I was planning on using the Lightweight scriptable pipeline, but it was generating 2Kb of garbage each frame with a very simple scene with about 5 objects (2000 faces at most).
Few more whacky workarounds for some other garbage generated under the hood (like adding the obsolete GUILayer on Camera, which for some reason will stop generating 0.8Kb of garbage each from from Mouse SendEvents or something like that).
At the moment I'm trying to figure out how to get rid of these 17 bits:
Is this something attainable? Or should I just give up on getting rid of all the garbage generated "by default"?
Thank you!
Note that some of the garbage is editor related. There is an "editor feature" that GetComponent will always return an actual object, even when no component was found. Unity does not return null but a fake null object in order to display a more clear error message when that null reference is used. However that means everytime you use GetComponent with a non existing component, you will allocate a new fake null object.
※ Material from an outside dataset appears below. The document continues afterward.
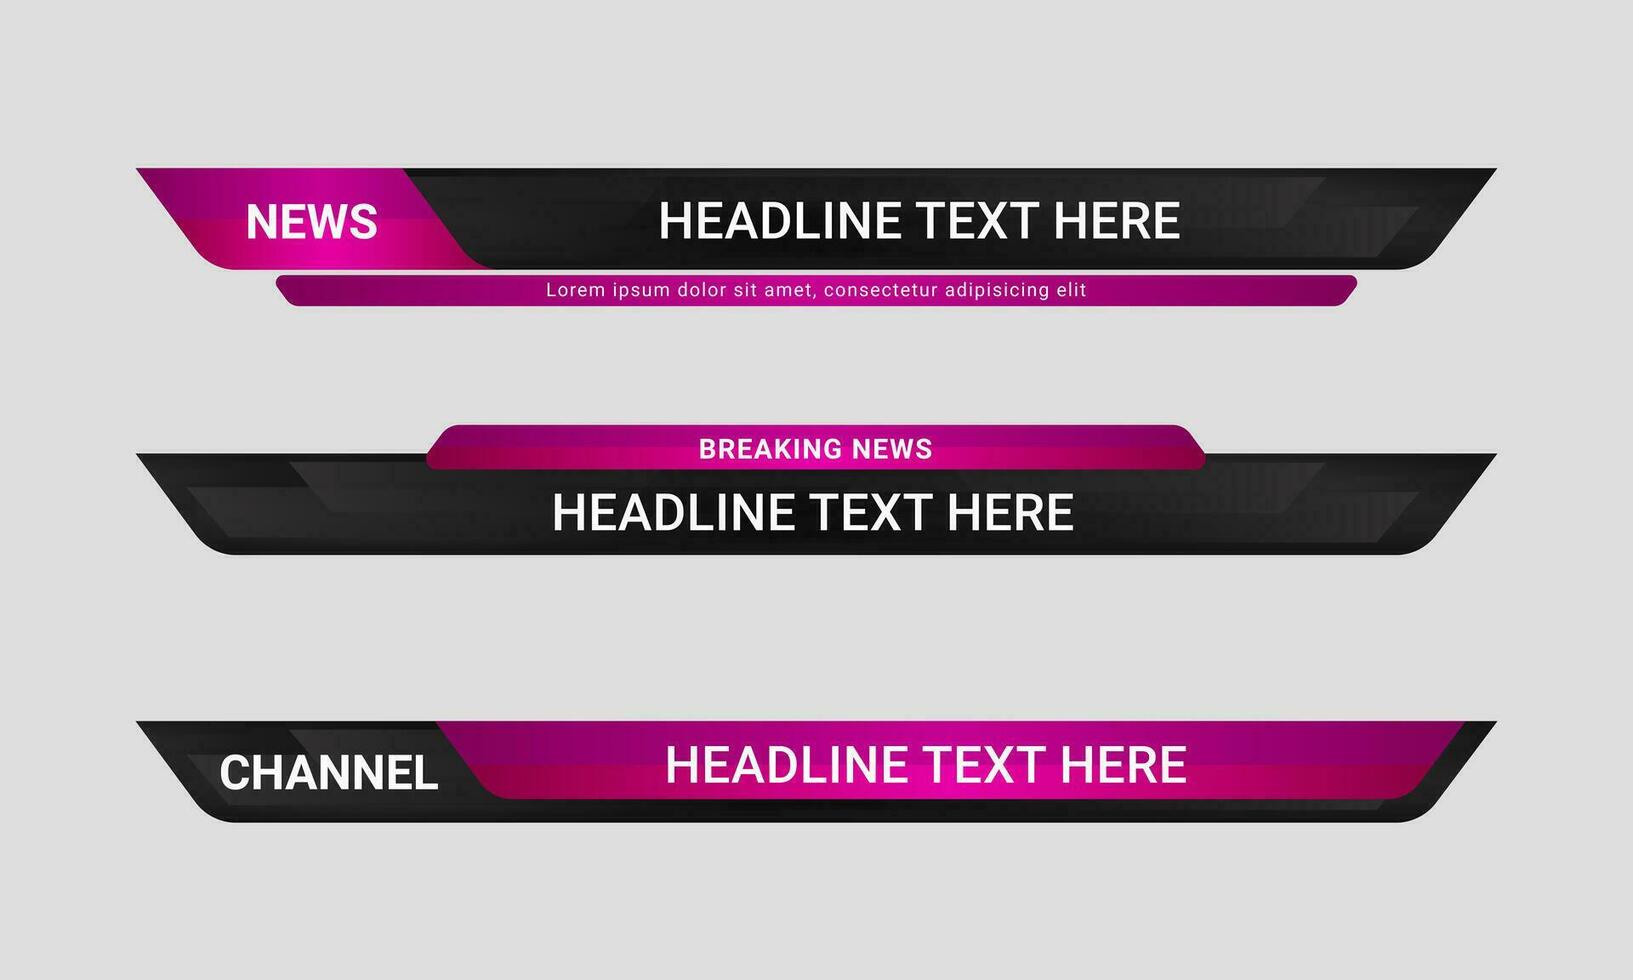 uppsättning av utsända Nyheter lägre tredje baner mallar för tv, video och media kanaler. trogen rubrik bar layout design vektor

Though as i said this only happens in the editor. Yes, it's annoying and can't be worked around at the moment. However you can get rid of this by creating a development build and use the profiler on that build just as the documentation suggests. Search for "build" on that site to quickly find the relevant section(s).
edit
Oh, I haven't used it myself yet, but you may be interested in the "garbage free string system" gstring from @vexe . Note that this doesn't help you with any Unity properties or methods that return a string (like obj.name, obj.tag) but it helps with your own string generation.
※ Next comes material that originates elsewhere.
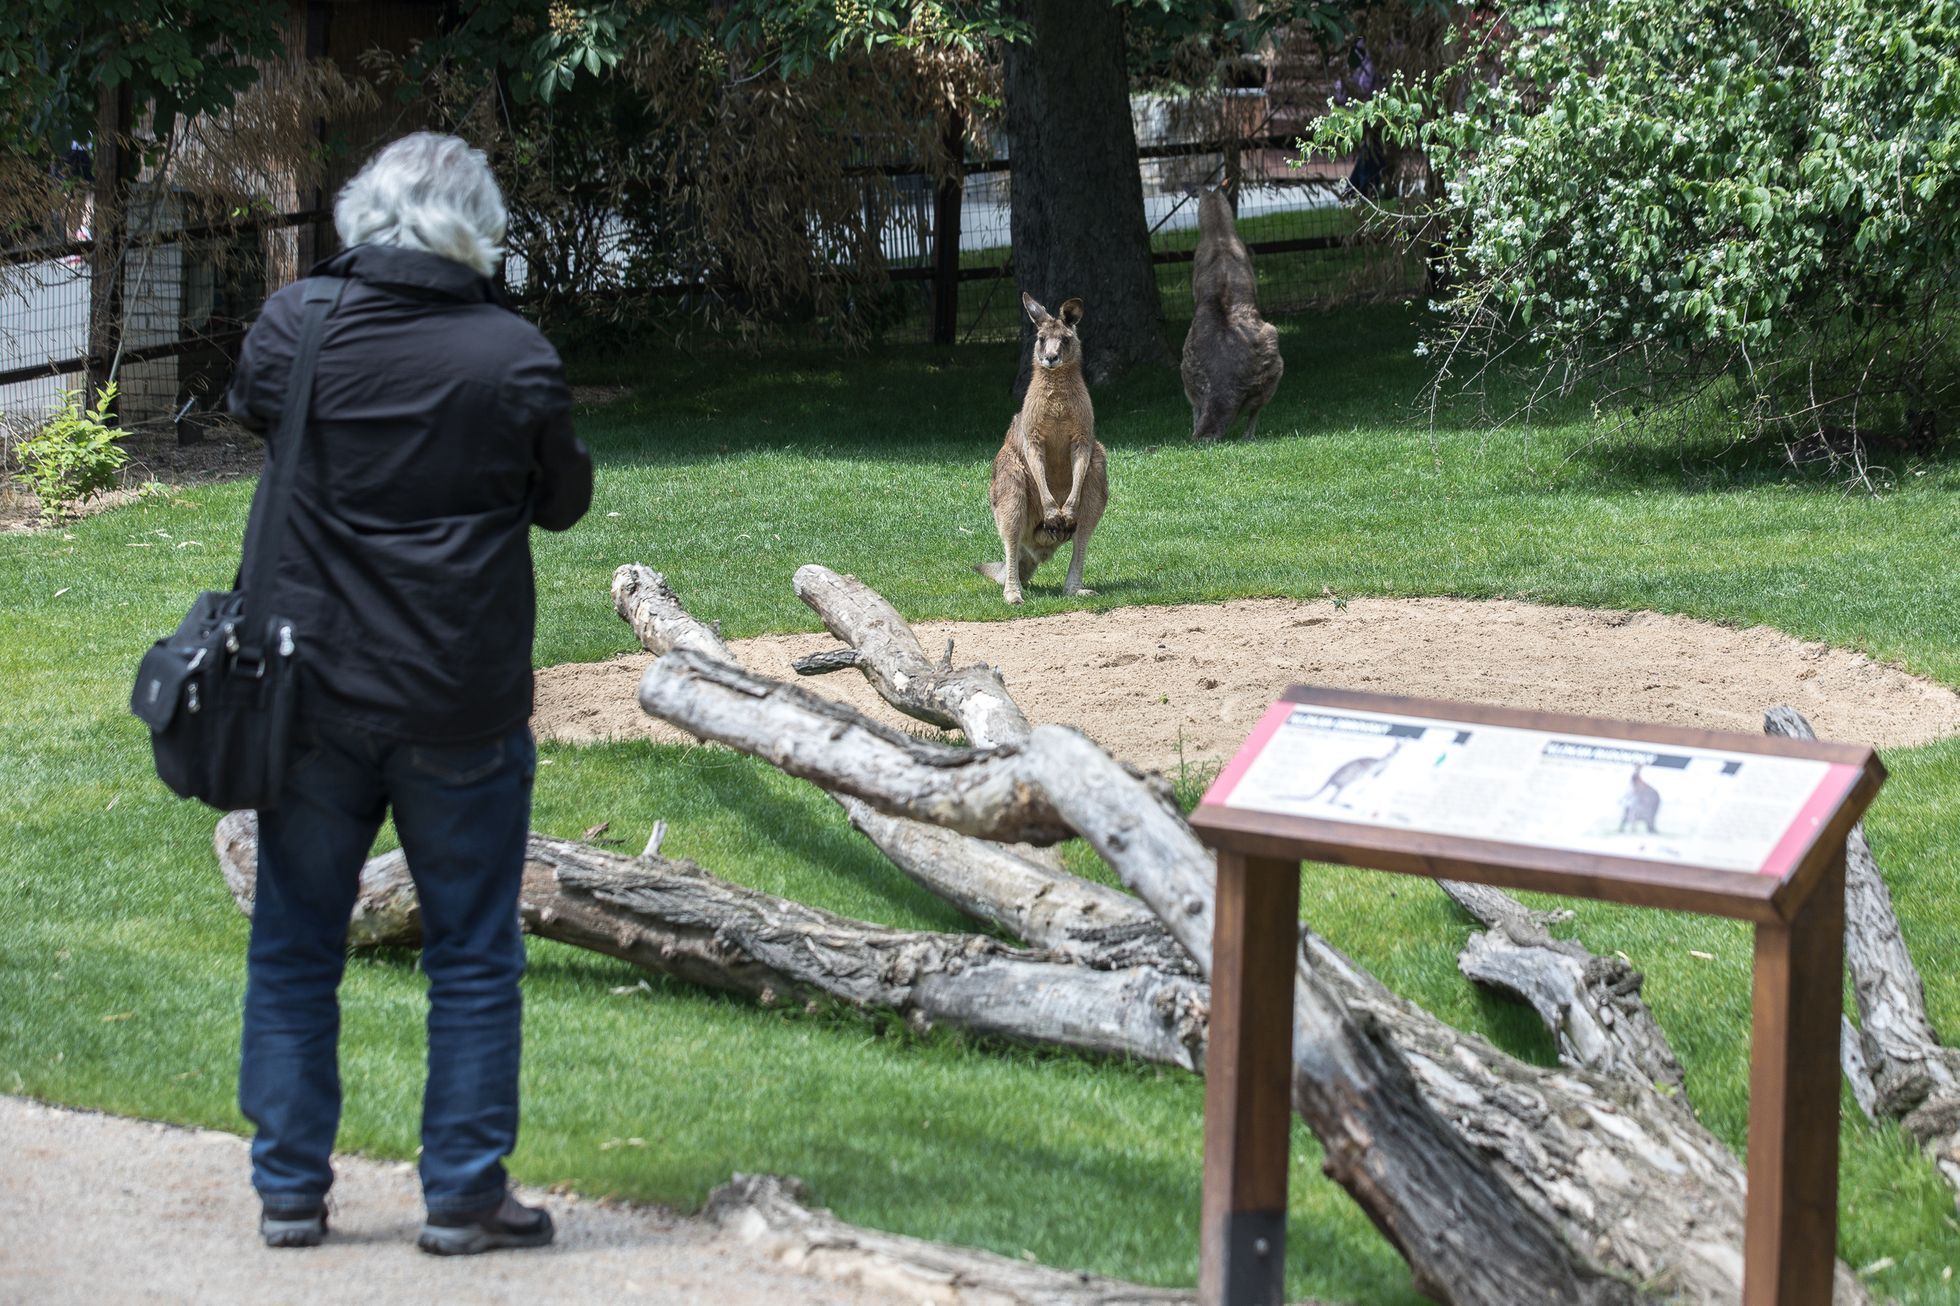 Tasmánští čerti v pražské zoo - nový pavilon Darwinův kráter

Another quite useful page is this Unity tutorial about garbage optimisations
Answer by kaarloew · Feb 12, 2019 at 08:11 AM
I would think that currently it is not possible to get to zero garbage in any reasonable way, since there are many .NET and Unity methods that allocate and release memory dynamically. But the situation is getting better since e.g. Span<byte>
is making things more efficient.
https://msdn.microsoft.com/en-us/magazine/mt814808.aspx
Thanks. Seems like a good read. Will make time for it tonight.